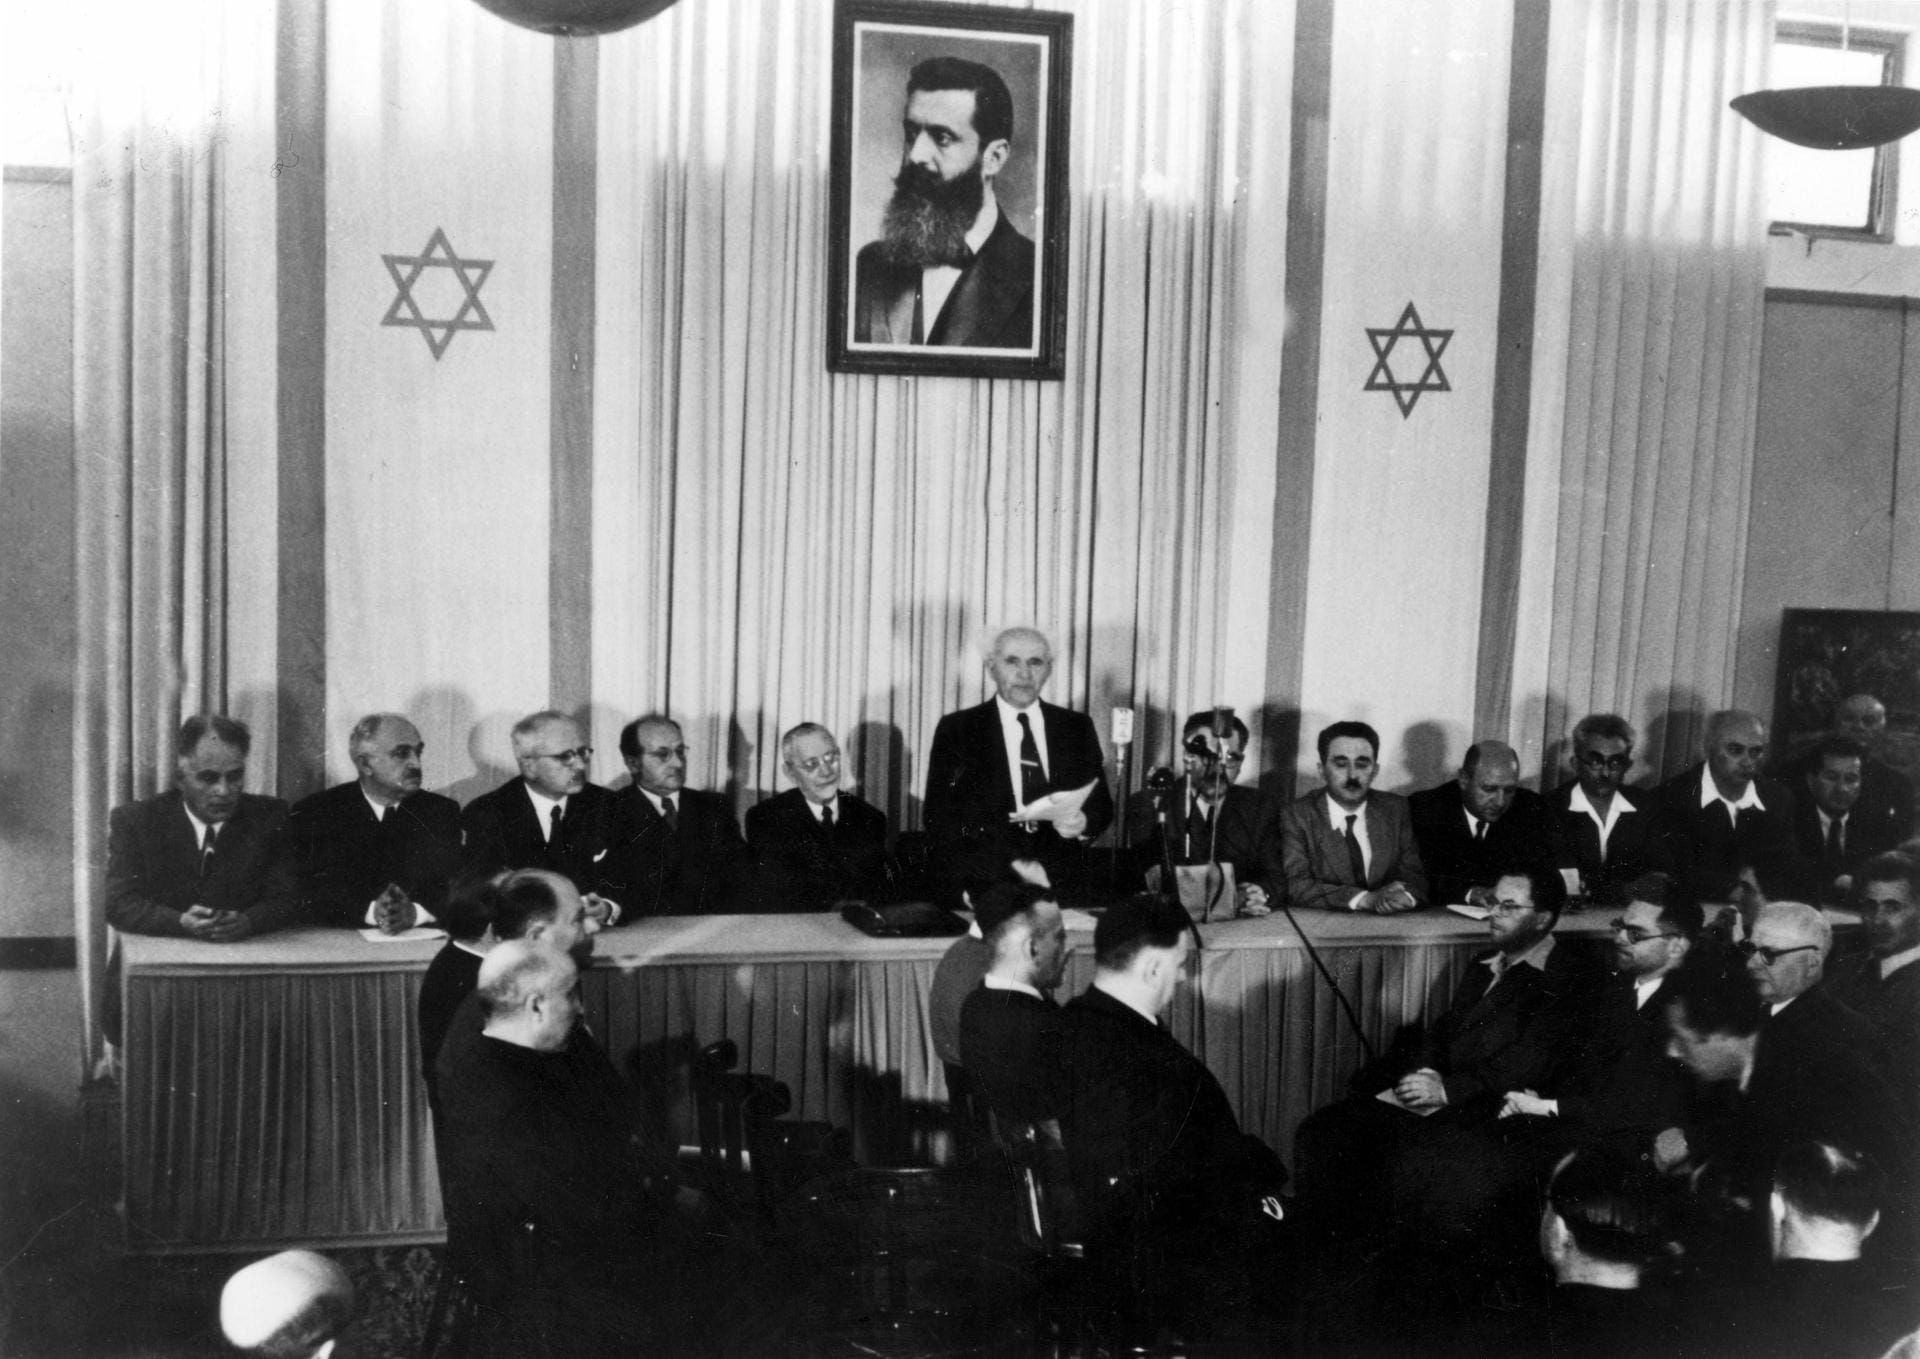 Am 14. Mai 1948 rief David Ben Gurion im Tel Aviver Kunstmuseum den Staat Israel aus. Über ihm hing ein Bild von Theodor Herzl, dem 1904 verstorbenen Begründer des Zionismus. Also der Idee, einen neuen jüdischen Staat zu gründen.
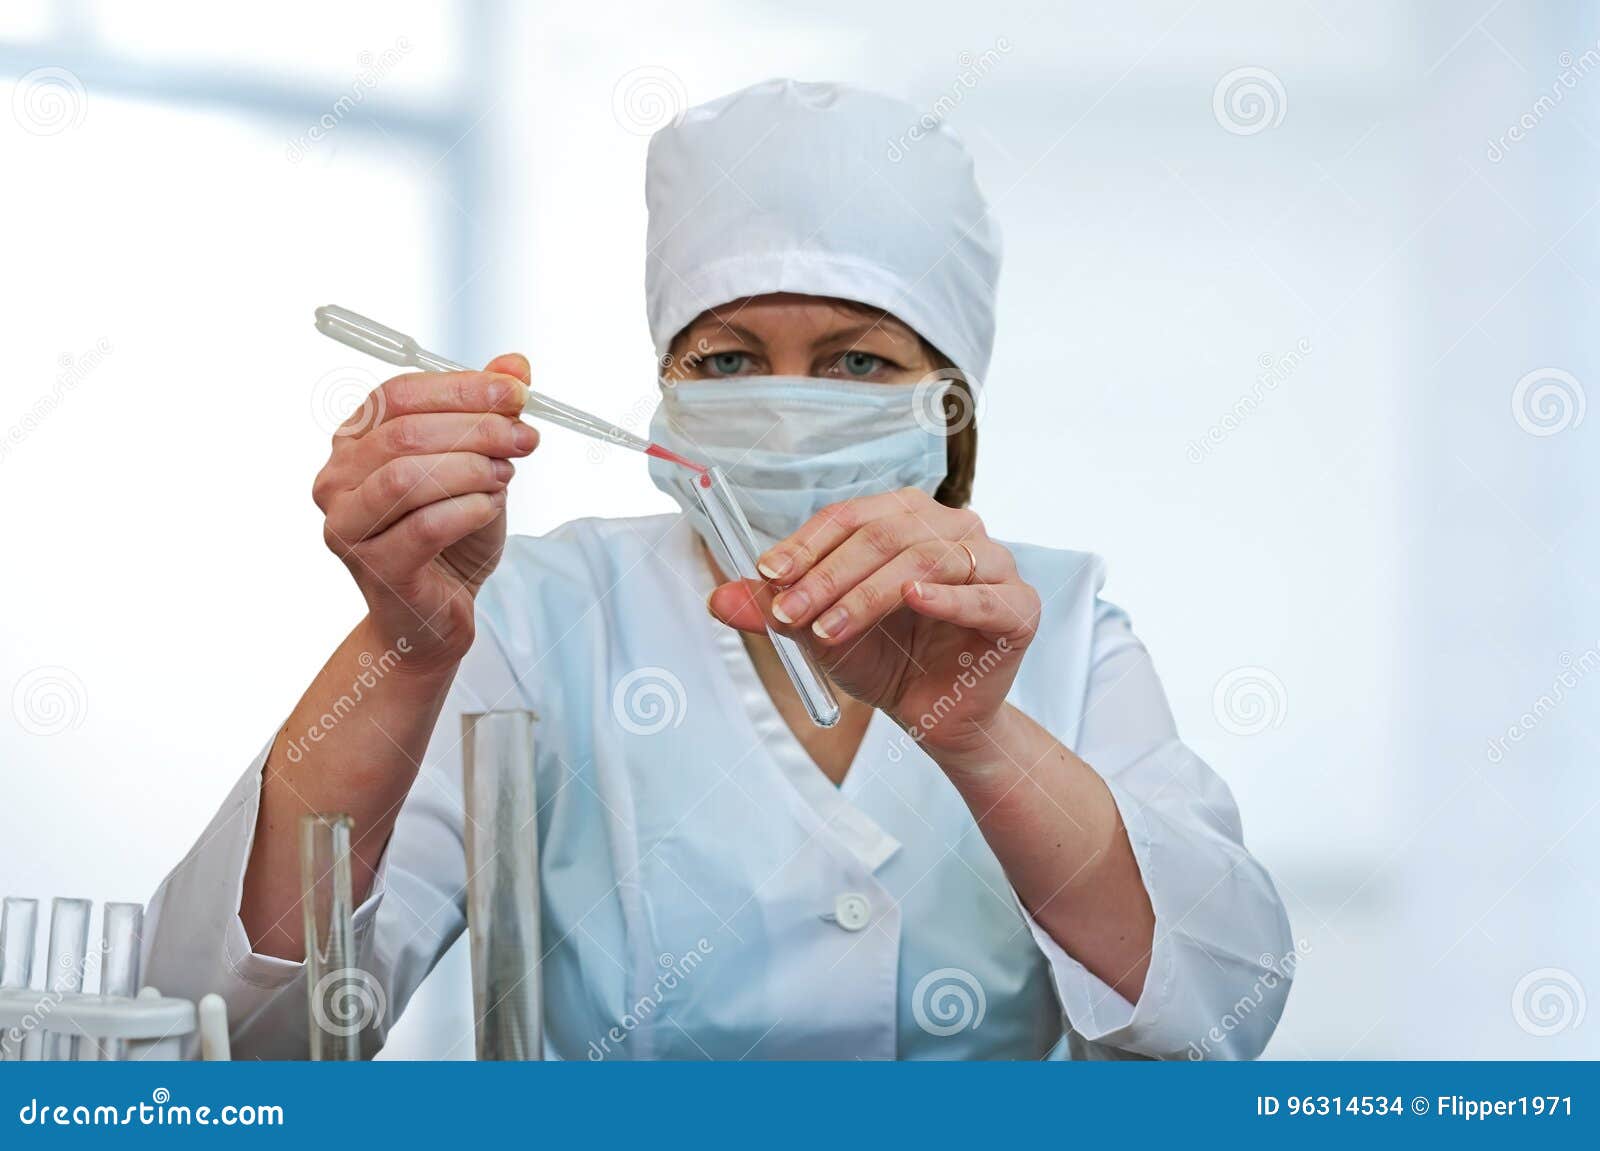 Тесты медицинских сестер процедурных кабинетов. Медицинская сестра процедурного кабинета. Медсестра в процедурном кабинете. Процедурный кабинет медсестра в маске. Медсестры процедурного кабинета в защитных очках.
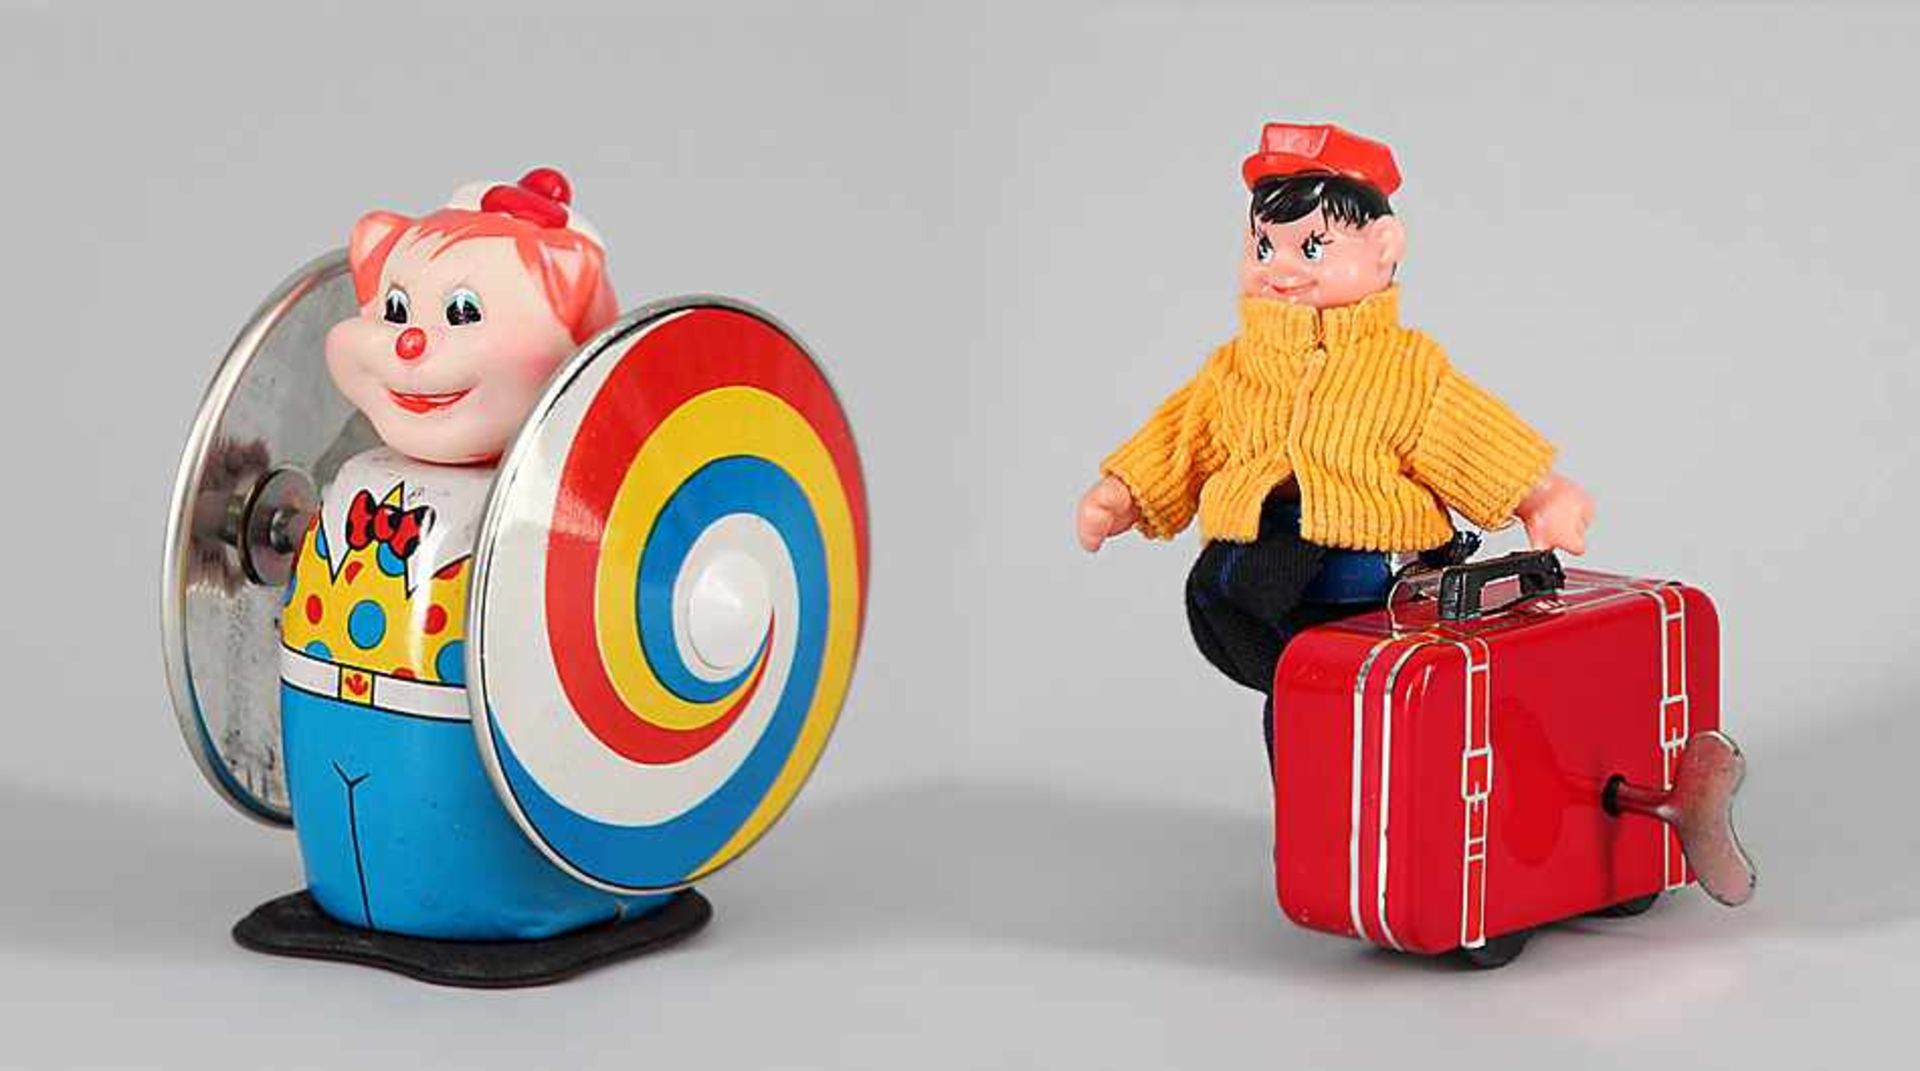 Zwei Puppenfiguren1) Clown mit zwei rotierenden Scheiben. China, wohl 1970er/80er Jahre.
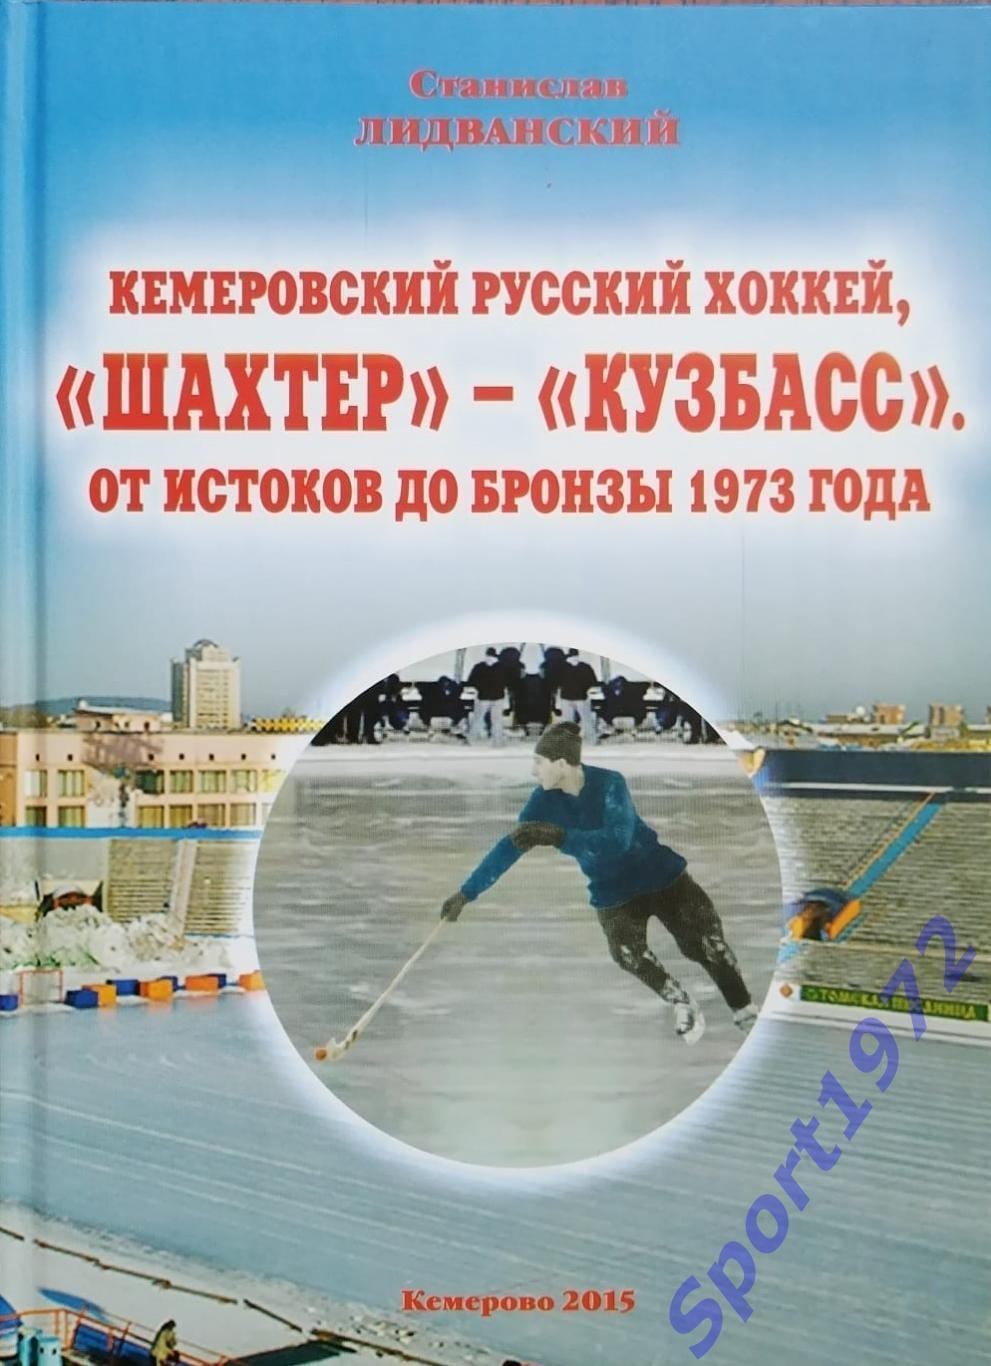 Кемеровский русский хоккей, Шахтёр - Кузбасс. От истоков до бронзы 1973 года.

Activity |
An exact transcription is requested of each line from the one that holds "Тесты медицинских сестер" to the end of the listing above, both boundary lines included; pictures are to be omitted.

Result of this exercise |
 Тесты медицинских сестер процедурных кабинетов. Медицинская сестра процедурного кабинета. Медсестра в процедурном кабинете. Процедурный кабинет медсестра в маске. Медсестры процедурного кабинета в защитных очках.
 Zwei Puppenfiguren1) Clown mit zwei rotierenden Scheiben. China, wohl 1970er/80er Jahre.
 Кемеровский русский хоккей, Шахтёр - Кузбасс. От истоков до бронзы 1973 года.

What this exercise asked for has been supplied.